Tabitha was teary eyed but sounded more resolved than I had ever heard, and I noticed a new sense of determination about her.
I wondered if I h
ad misjudged her all these years. I loved Father, but even I could admit that he could be a bit of a chauvinist pig. I was making so much about being an adult, a grown woman, but wasn’t part of that stepping out from under Father’s shadow, being my own person and not just one of Father’s lackeys? If I tried to step outside of myself and look at this objectively, didn’t I have to acknowledge that Father had never seemed entirely kind or charitable to Tabitha? In fact, it was almost as though he had pitted her and Ash against each other in competition—for attention, affection, and just plain one-upmanship—for his own amusement.

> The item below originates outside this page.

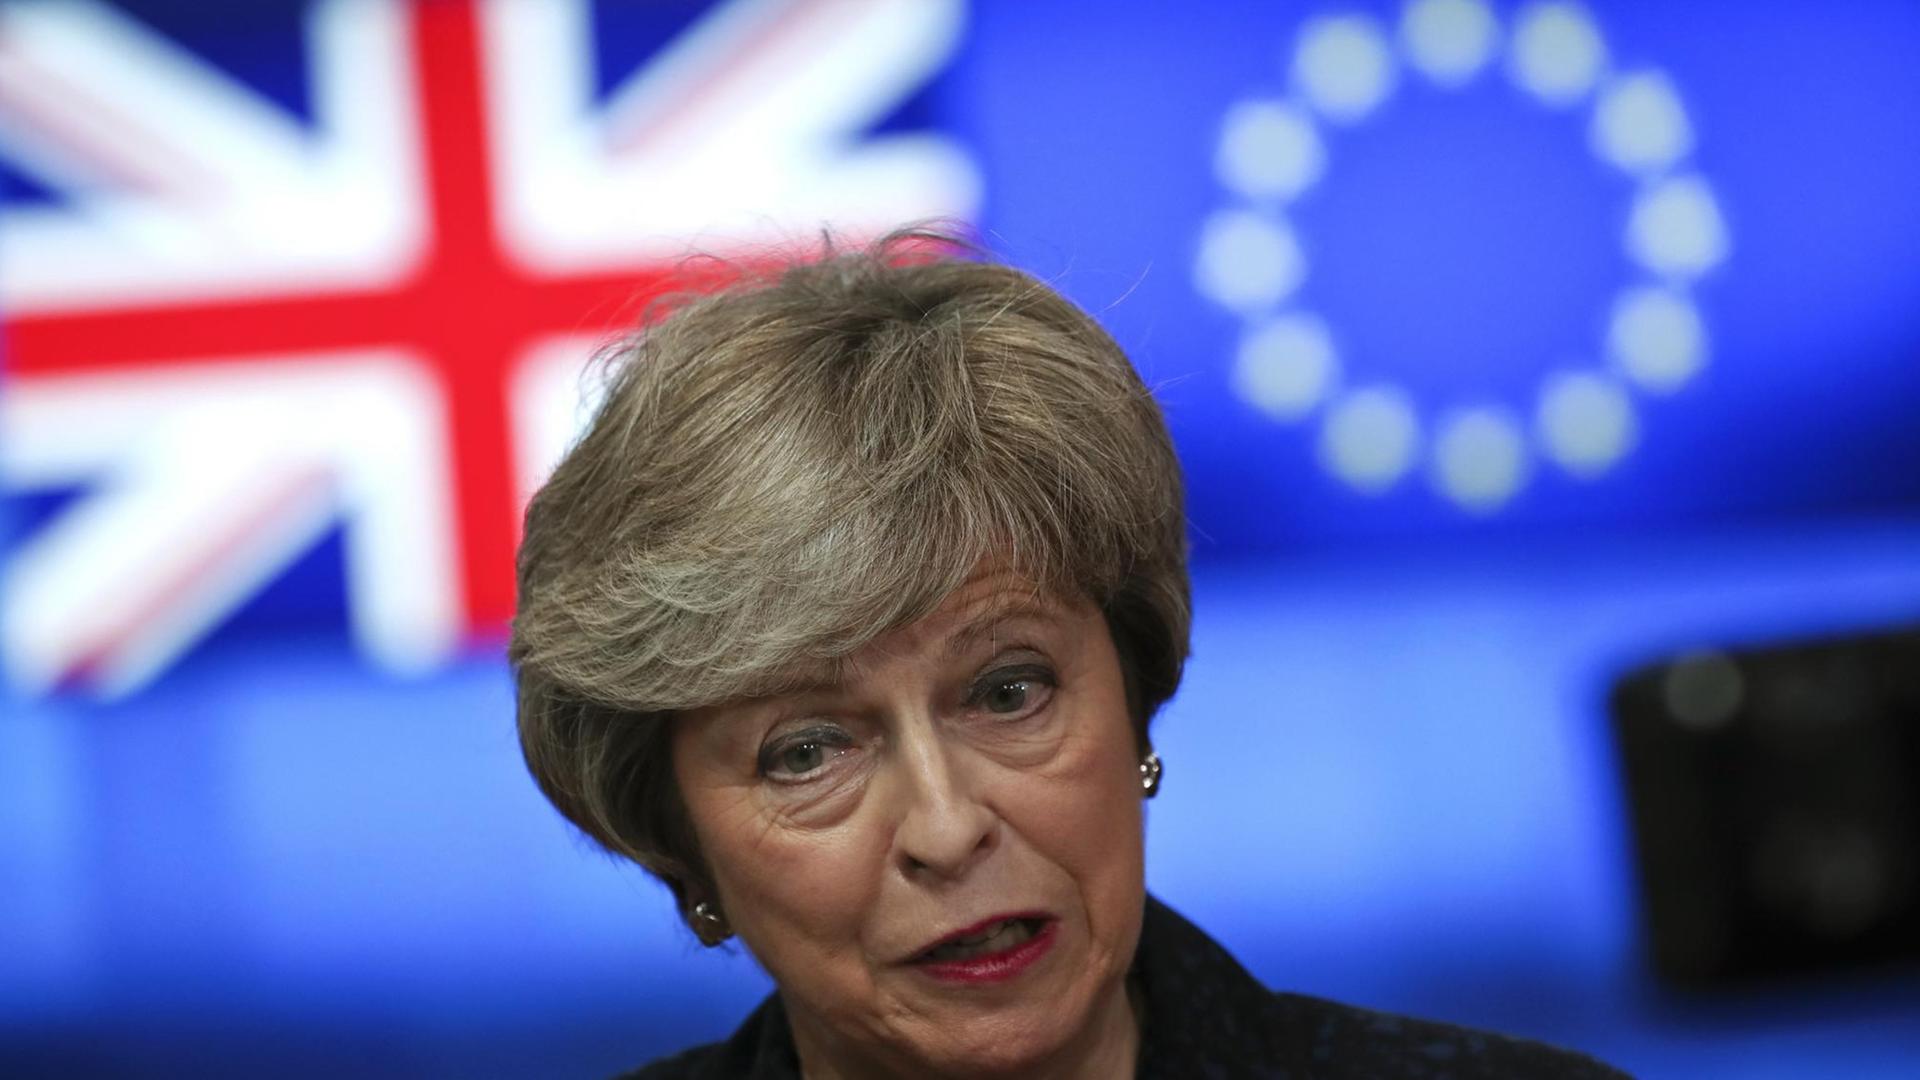 Theresa May, Premierministerin von Großbritannien, steht vor einem Bildschirm mit den Flaggen Großbritanniens und der EU.

I could never stand the men who enjoyed dog fights, and I could see now that Father must have been a bastard to live with.
That summer I had been spying non-stop, not just on Ash and her ilk, but on Tabitha and Father, too. Their arguments were vociferous but never logical. I could never grasp what it was they were arguing about. “What happened?” I prodded, sure that Tabitha wouldn’t tell me a thing.
“Megan, I’m not sure I could explain to you what’s going on. More importantly, I think it’s best you not know. Do know I’m not going anywhere.”
What the hell? I was flummoxed by an admission that whatever had transpired was so complex it must be kept secret.
“Is Father leaving?”
“No. Nobody is going anywhere. Now I need to go speak with Ashley.”
Of course she did. I’d noticed that Tabitha preferred to wait until I left before she joined Ash by the pool, bringing her cocktails and drugstore paperbacks like one of her flunky followers. It sickened me to see everyone so excited by Ash, even our parents. But then again, why wouldn’t Tabitha, a woman Ash’s age, want to hang out with Ash and her friends just as much as I did? There was something intoxicating about their endless party world. No doubt Tabitha gleaned from those meandering days that she had married too young, had given up too much of herself, had traded in the fun life for a man who was relatively distant, for life with a family that couldn’t ever allow for the fun in dysfunctional. Maybe now she was going to have her quarter-life crisis and divorce Father.